Miller: I liked this essay, but I disagree with Miller’s view that God is not be found in the natural world. Dualism.

Kauffman: This one was intriguing. I liked the hermeneutic leanings, disliked the relativism. God is a meaningful construction (as is science).

So, the winner … Mary Midgley, “a philosopher with a special interest in ethics, human nature, and science, and is the author of Evolution as a Religion and Science as Salvation.”

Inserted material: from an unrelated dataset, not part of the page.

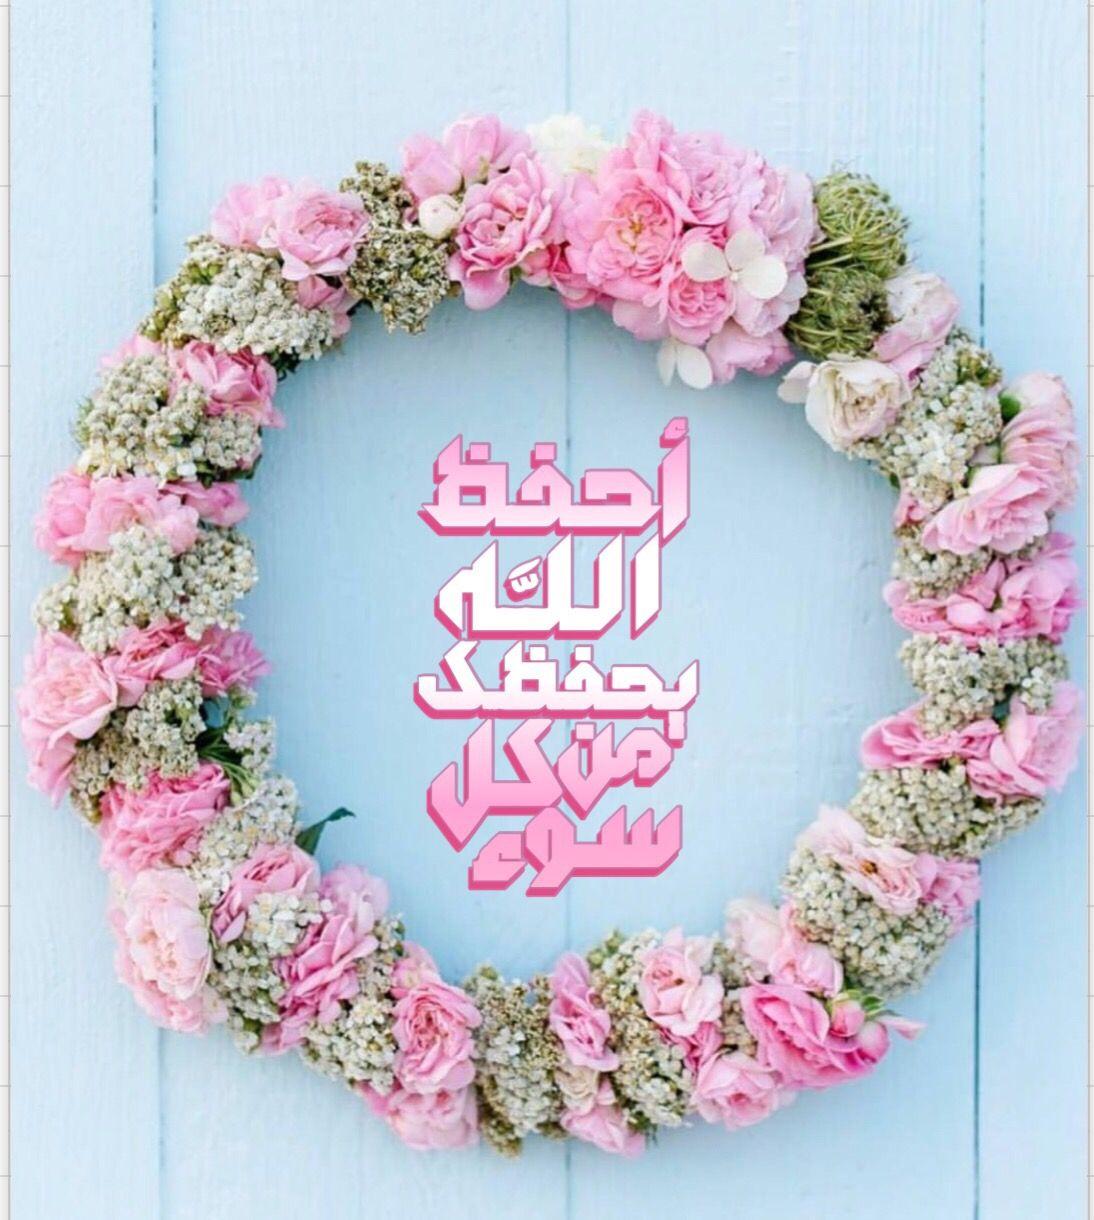 احفظ الله يحفظك احفظ الله تجده تجاهك إذا سألت فاسأل الله وإذا استعنت فاستعن بالله حفظكم الله من كل سوء Floral Floral Wreath Wreaths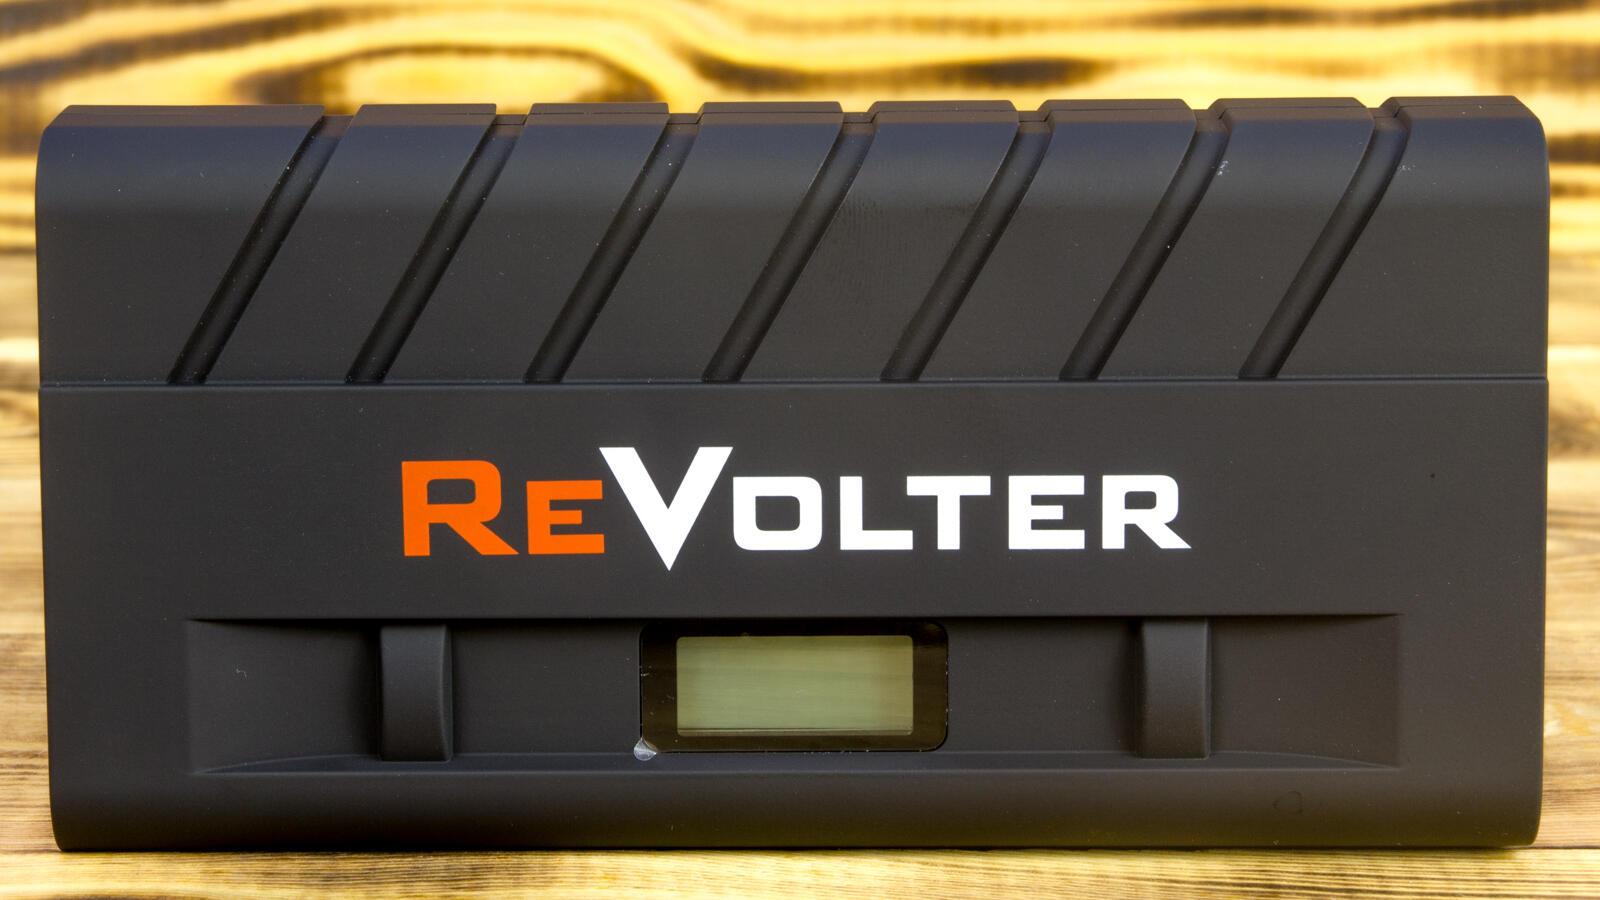 Avtotovary - Obzor puskovogo zaryadnogo ustroystva ReVolter Nitro

Interesting discussion - thanks for the link. Of course, one can immediately disqualify Pinker as adding anything new to the conversation. It gets to be quite tiring to hear the same logic used again and again to “disprove” God and the validity of religious belief. Simply because a full or partially mechanistic answer to a heretofore unsolved mystery is discovered by “science”, does not mean that God vanishes. One does not naturally follow the other. Of course “thought”, “emotion”, “morality” have, at the level of physical reality, an implementation that is mechanistic in nature. I have never heard any thoughtful believer in God say that nature and humanity are composed of small “mystery modules” that are put in place by God and will never be understood by man. Rather, religion is not only to help the widow and the fatherless but also to seek out and seek to understand all truth. Those who still believe that God and Science are enemies need to expand their horizons. I find OSC’s essay below interesting: http://www.ornery.org/essays/warwatch/2008-05-04-1.html

I’ve heard thoguhtful theists say something along the line of there being “mysterious modules” we won’t understand. Indeed isn’t that fundamentally the Libertarian Free Will position? Although I suppose one could quibble over the meaning of “understand.”

I have some thoughts on some of the presentations and hopefully will add a few comments here tomorrow.